It’s impossible to overstate how much those who yearn for a return to a more united Wisconsin owe to Tony Evers, our humble and bookish governor-elect, and U.S. Sen. Tammy Baldwin, a routinely underestimated liberal from Madison with steely optimism and Midwestern authenticity.
Last night in Wisconsin, each proved politics does not have to be a blood sport.
Who knew? You can still win by being nice, as well as smart, earnest, and focused on the concerns of everyone, not always trying to win by caricaturing and demonizing political adversaries.
Theirs, of course, is a night-and-day contrast to the bellicose style of Donald Trump. His is the national version of the divide-and-conquer politics practiced for two terms by Gov. Scott Walker and during the past year by Baldwin’s GOP opponent, state Sen. Leah Vukmir.
Sure, Evers faces a Legislature controlled by Republicans, one that may be as hostile to his efforts at collaboration as Congress was to President Obama.
And Baldwin returns to a U.S. Senate whose Republican majority grew even as the national focus will turn to the U.S. House, where a new Democratic majority will restore some accountability in Washington, D.C.
But Evers and Baldwin strike me as two leaders temperamentally well-suited to the challenges and opportunities ahead.
Each is positioned to be in the vanguard of a national Democratic movement that prizes problem-solving and collaboration over, as Evers said in his victory remarks Tuesday night, governance by picking fights.
By demonstrating such leadership, they can play lead roles in making theirs the party of compassion and collaboration against the GOP’s brand of hate and divisiveness.
Remember, it wasn’t that long ago that Republican Tommy Thompson won four gubernatorial elections — once with 67-percent support — by being authentic and endeavoring to represent everyone.
Now, some voices on the far left will be eager for payback. One understands that emotion after eight years of the smug and dictatorial Walker, posing as “courageous” while afraid to appear outside controlled settings. (It might have been easier to get Vladimir Putin to a public forum in Madison than Scott Walker.)
Here is why I would resist such impulses:
Seven years ago over coffee, I was stunned when Baldwin, then a congresswoman, revealed for my column that she was launching her Senate bid at a time when the tea party typhoon was at full force. Since winning in 2012, she has represented Wisconsin with strength, good humor and humility, and was rewarded last night with an easy victory despite all the money spent against her.

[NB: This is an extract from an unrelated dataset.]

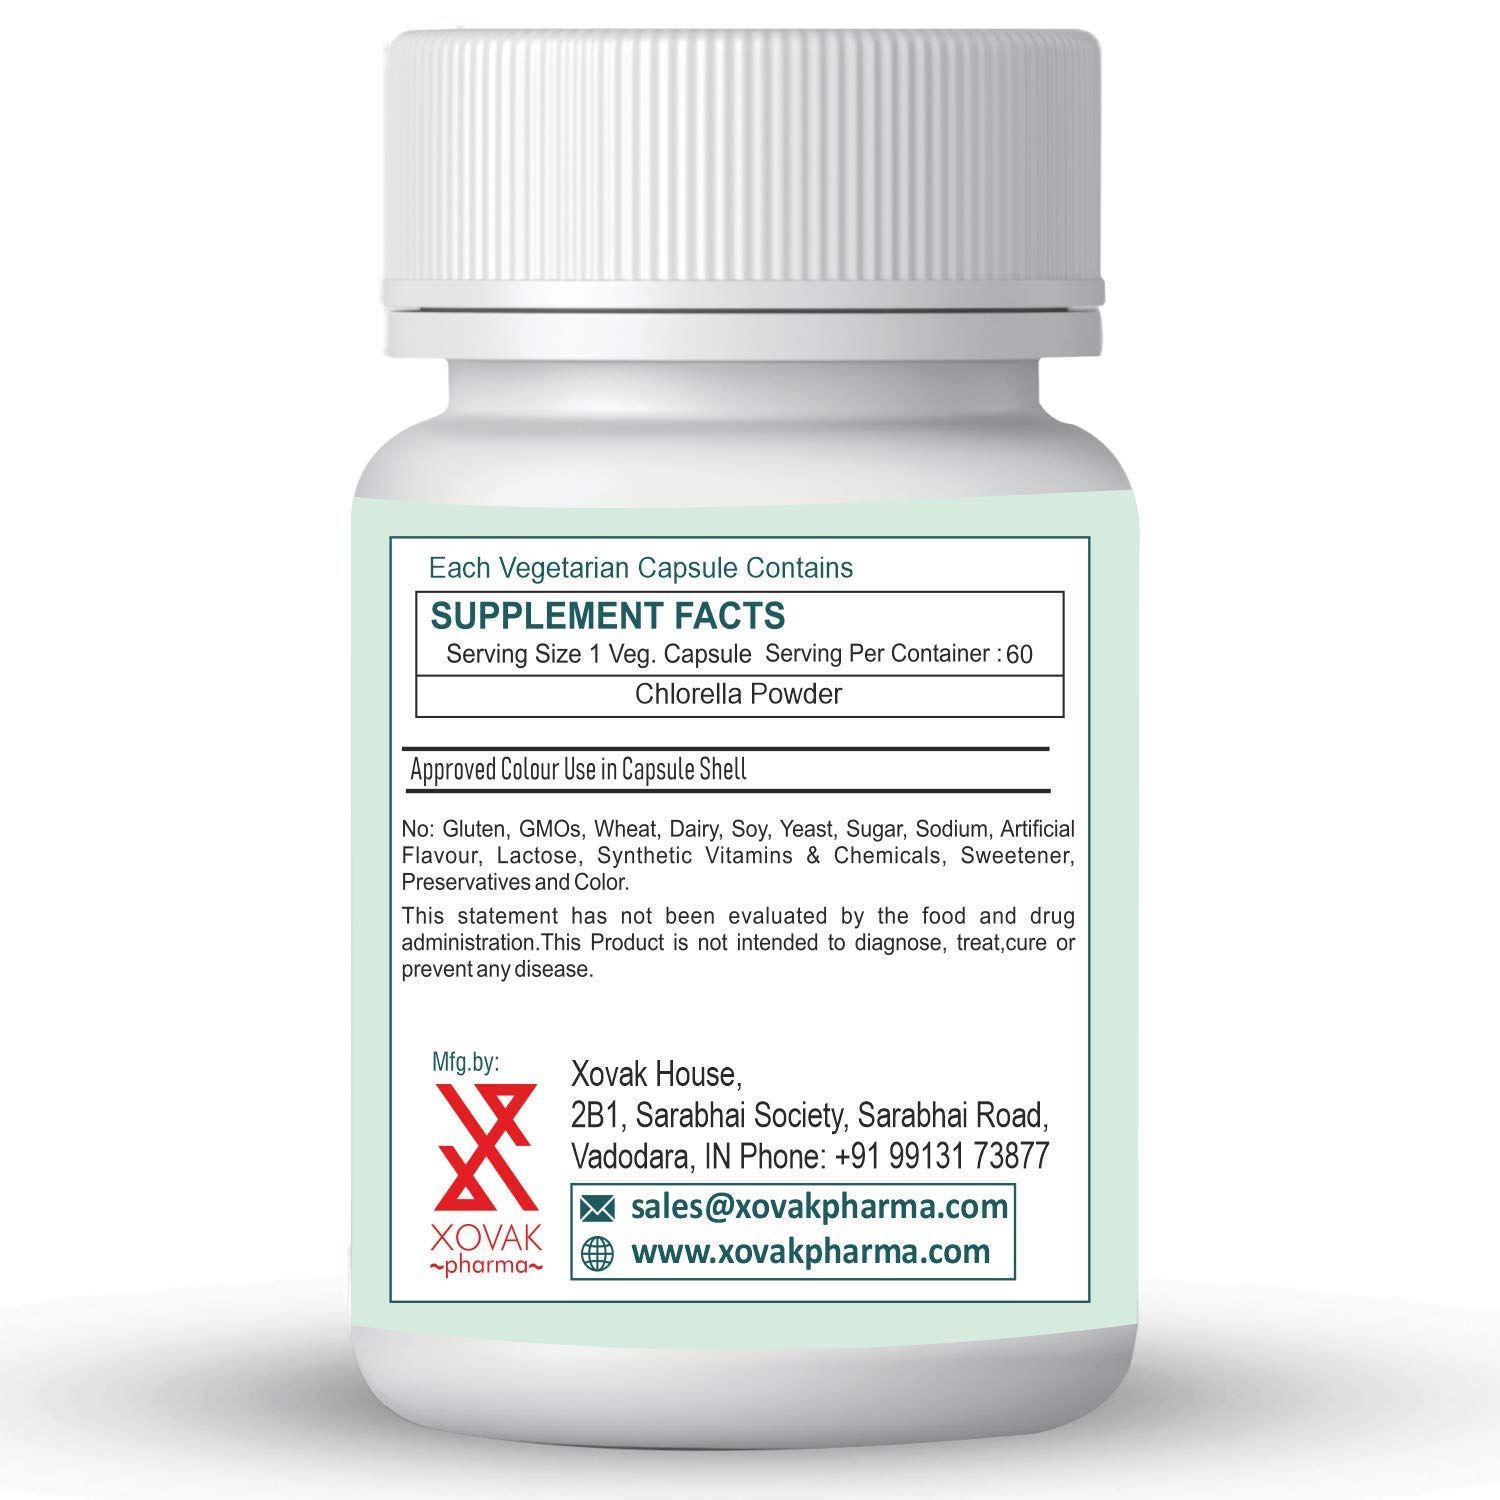 Xovak Pharma Organic Chlorella Capsules Image

In a way, she’s a model for Evers.
Last week, I quizzed former senior state officials, partisan and otherwise, about what an Evers victory might mean. Based partly on their input, it seems he might organize his new job in three baskets.
The first requires him to pursue bipartisan solutions through good-faith efforts to work with Republicans, unless and until they refuse. His areas of initial focus should be the three pillars of his campaign — education, health care, and transportation.

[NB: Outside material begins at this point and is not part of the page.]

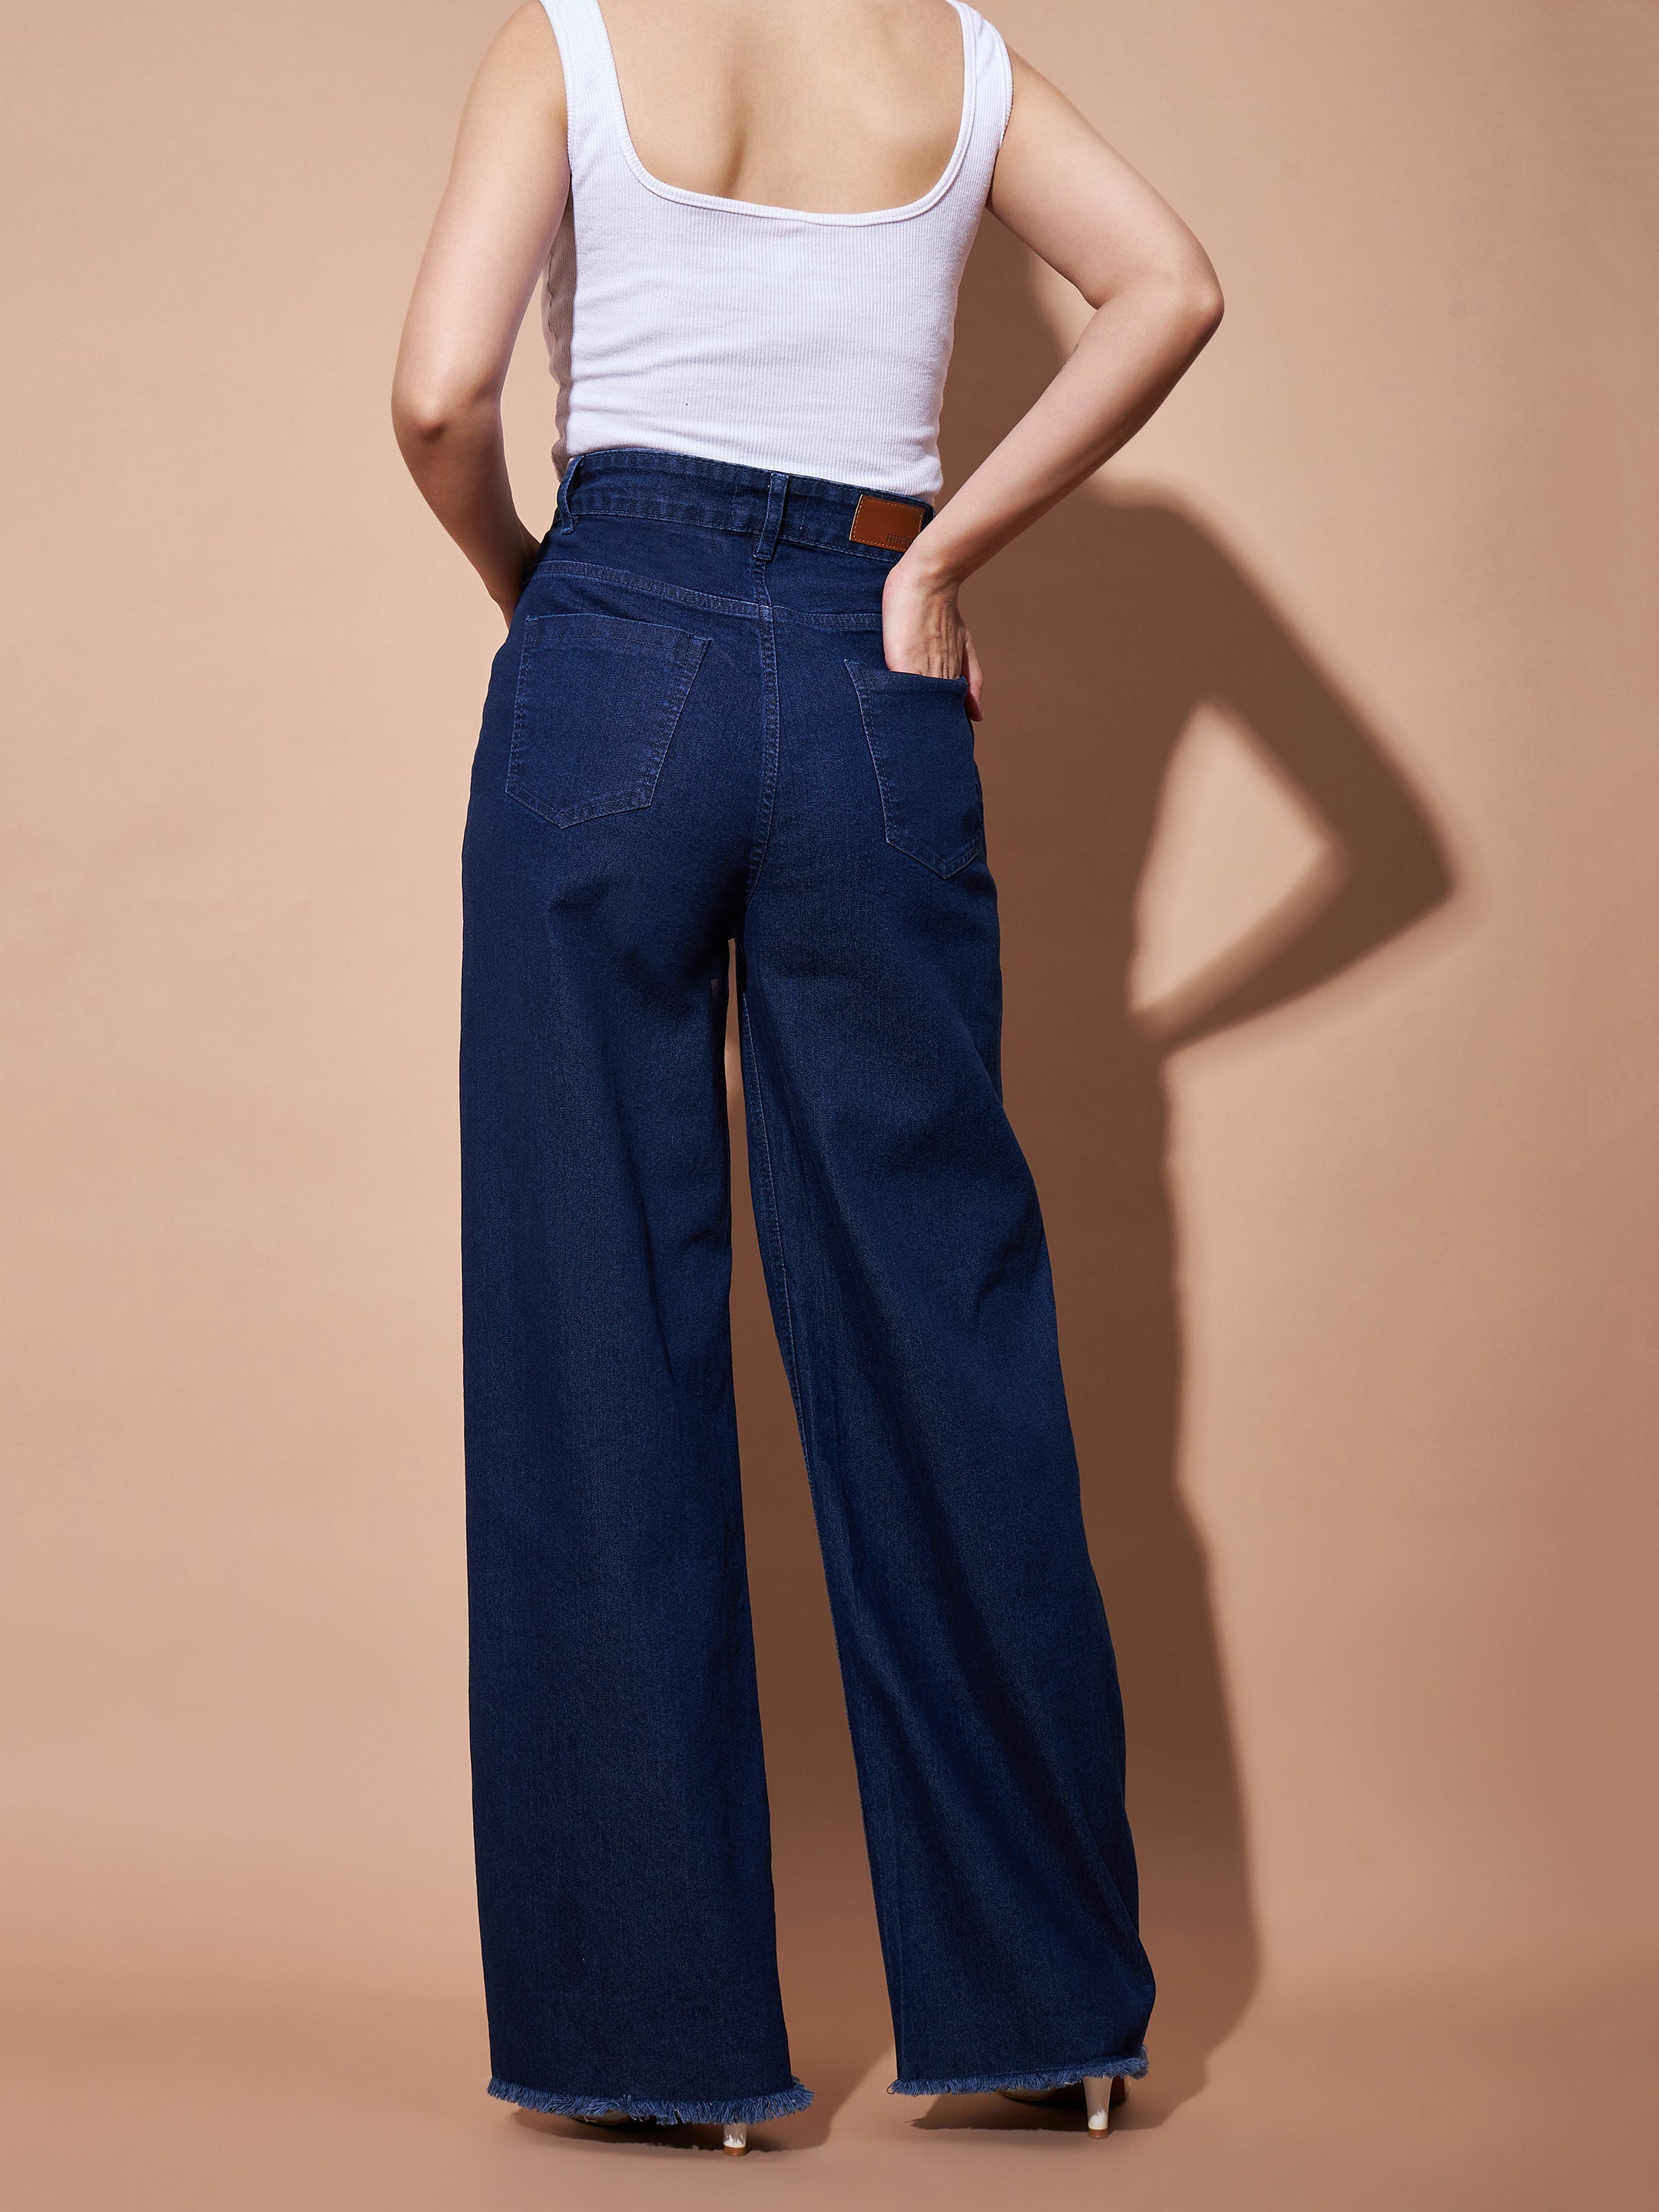 Women's Navy High Waist Flap Pocket Straight Jeans - Lyush

Education was and will continue to be an important — and winning — issue. As he pledged in the campaign, Evers should work to phase in state funding of two-thirds of the cost of public schools while phasing out support for charter schools (read religious white schools.) As a career educator, his will be an administration that respects and values teachers and the central role they play in our future economy.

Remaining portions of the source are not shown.